Walther v. State

Morris, J.

Appellants were charged, by indictment, with the crime of grand larceny. There was a trial by jury and verdict of guilty. Appellants each filed a motion for a new trial which was overruled. Judgment of conviction was entered and sentence suspended under §2174 Burns 1908, Acts 1907 p. 447, which provides as follows: “That the * * * circuit * * * courts of this State shall have power, in any case where any person shall have been convicted of a fel*566ony or misdemeanor in such court * * * upon the entry of judgment of conviction of such person to suspend such sentence, * * * whenever such court in the exercise of its judgment and discretion shall find and determine that such person has committed the offense * * * under such circumstances, as that in the judgment of such court such person should not suffer the penalty imposed by the law for such offense, or if he * * * shall thereafter behave well, or whenever such court shall find and determine that by reason of character of such person or the facts and circumstances of such case the interest of society does not demand or require that such person shall suffer the. penalty imposed by law if he * * * shall thereafter behave well * * * Section two of the act (§2175 Burns 1908, Acts 1907 p. 447) provides that the effect of “the order of the court suspending the judgment and sentence * * * shall be to place such person under the control of the prison authorities of the prison * * * to which such person would have been committed but for the suspension of such judgment * * * in all respects as though such person had been committed to such prison and had been paroled * * * . ” Section 3 of the act (§2176 Burns 1908, Acts 1907 p. 447) authorizes the trial court to revoke the order of suspension by entering on the order book the reason for the revocation, after which the judgment shall be executed in all respects as though sentence had not been suspended.
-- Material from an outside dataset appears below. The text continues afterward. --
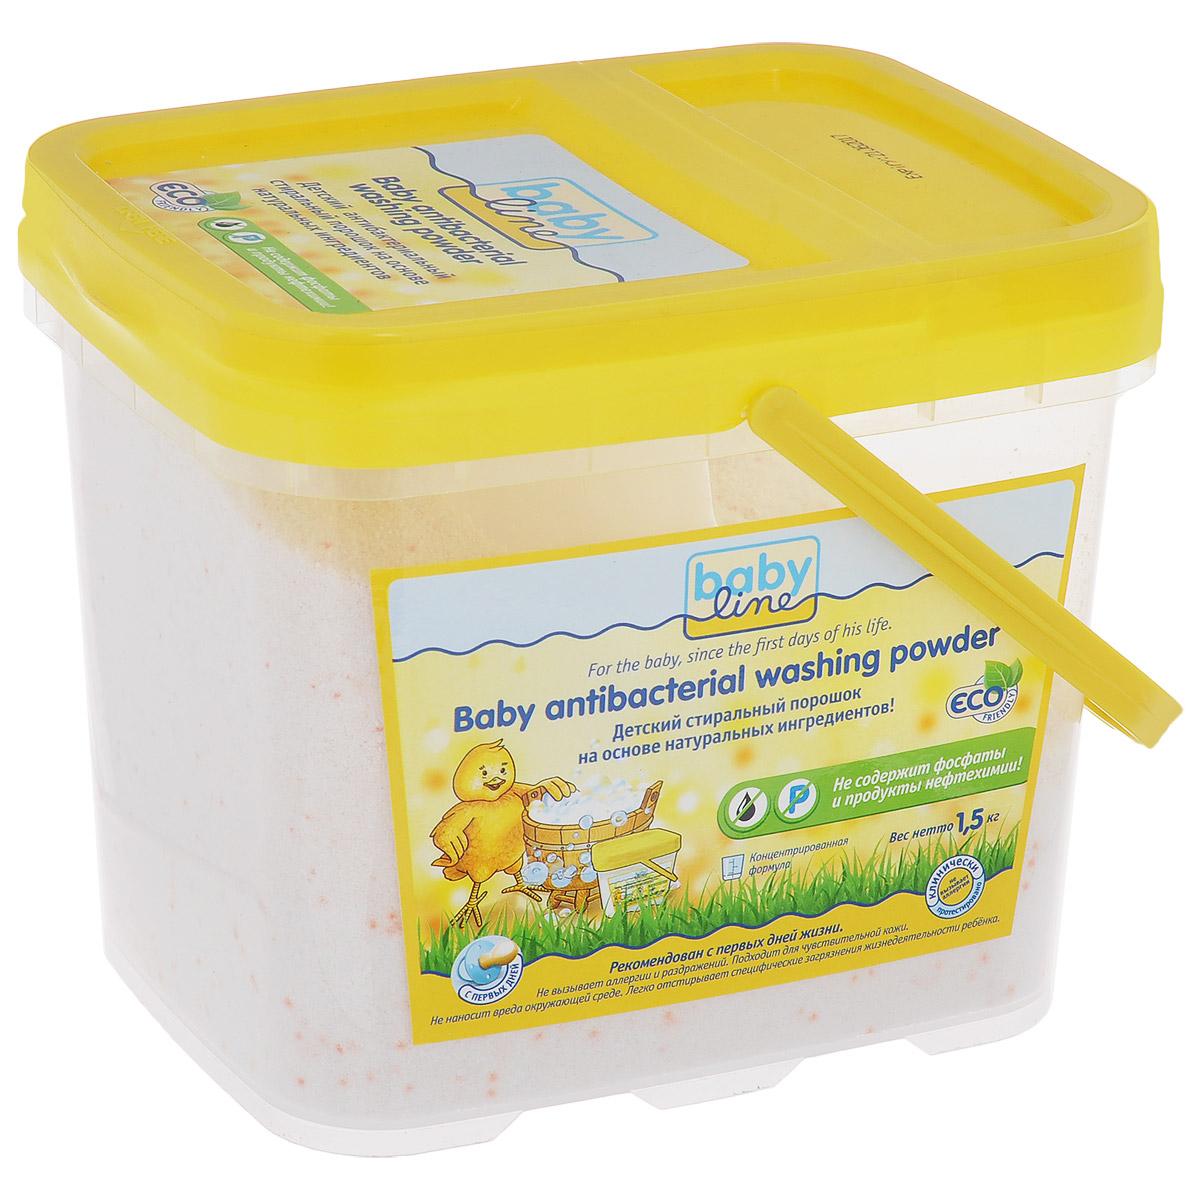 Babyline Стиральный порошок, детский, на основе натуральных ингредиентов, 1,5 кг детские моющие средства умка стиральный порошок детский 2 4 кг

The order book entry here shows that each appellant was adjudged guilty of the crime of grand larceny and that he be imprisoned in the Indiana State Prison for a period of not less than one year nor more than fourteen years, and fined $100 but it is ordered further that the “execution of the sentence herein imposed and the payment of the fine and costs, be suspended during the defendant’s good behavior, and that he be permitted to go at liberty, on probation, so long as he behaves well.” The Attorney-General has filed a motion to dismiss the appeal because, (1) the judgment is *567not a final one from which an appeal lies, and (2) because the judgment was suspended and by its terms each appellant was relieved from the penalty imposed by the judgment.

1. 2. 3. An appeal lies only from a final judgment. §2210 Burns 1908, Acts 1905 p. 584, §324; Hensley v. State (1910), 175 Ind. 16, 93 N. E. 211; Erganbright v. State (1897), 148 Ind. 180, 47 N. E. 462, and cases cited. While anything remains to be done there can be no final order. State v. Derry (1908), 171 Ind. 18, 85 N. E. 765, 131 Am. St. 237. Where something remains to be done or observed the order is interlocutory. Pfeifer v. Crane (1883), 89 Ind. 485; State v. Derry, supra. The judgment must stand or fall as a whole. State v. Smith (1910), 173 Ind. 388, 90 N. E. 607; Manlove v. State (1899), 153 Ind. 80, 53 N. E. 385.

4. Each of the appellants accepted the benefit of the humane provisions of the act of 1907, supra, and thereby secured his discharge during good behavior. The law does not compel the trial court to suspend sentence, nor does it compel the defendant to accept a discharge by virtue of a suspended sentence. It is scarcely conceivable that an order of suspension would be made over a defendant’s objection. In any event no such objection was made here.

5. In Manlove v. State, supra, while the appeal was pending, the appellant accepted the benefit of the Governor’s pardon, conditioned on his future good behavior. The appeal was dismissed, though the pardon was conditional, and did not relieve the appellant from the payment of the fine and costs adjudged against him. In its opinion the court said: “A party may not accept a benefit based on the legality of a judgment and thereafter be heard to complain that the judgment is erroneous.” For analogous reasons, appellants are not warranted in prosecuting this appeal. Where sentence is suspended, as here, there is not such a final judgment as warrants an appeal. People v. *568Markham (1906), 114 App. Div. 387, 99 N. Y. Supp. 1092; People v. Bork (1879), 78 N. Y. 346; Renado v. Lummus (1910), 205 Mass. 155, 91 N. E. 144.

Appeal dismissed.

Note.—Reported in 101 N. E. 1005. See, also, under (1) 12 Cyc. 798; (2) 23 Cyc. 672; (3) 12 Cyc. 937; (4) 12 Cyc. 772; (5) 12 Cyc. 798, 807. As to authority of court to suspend sentence, see 132 Am. St. 644.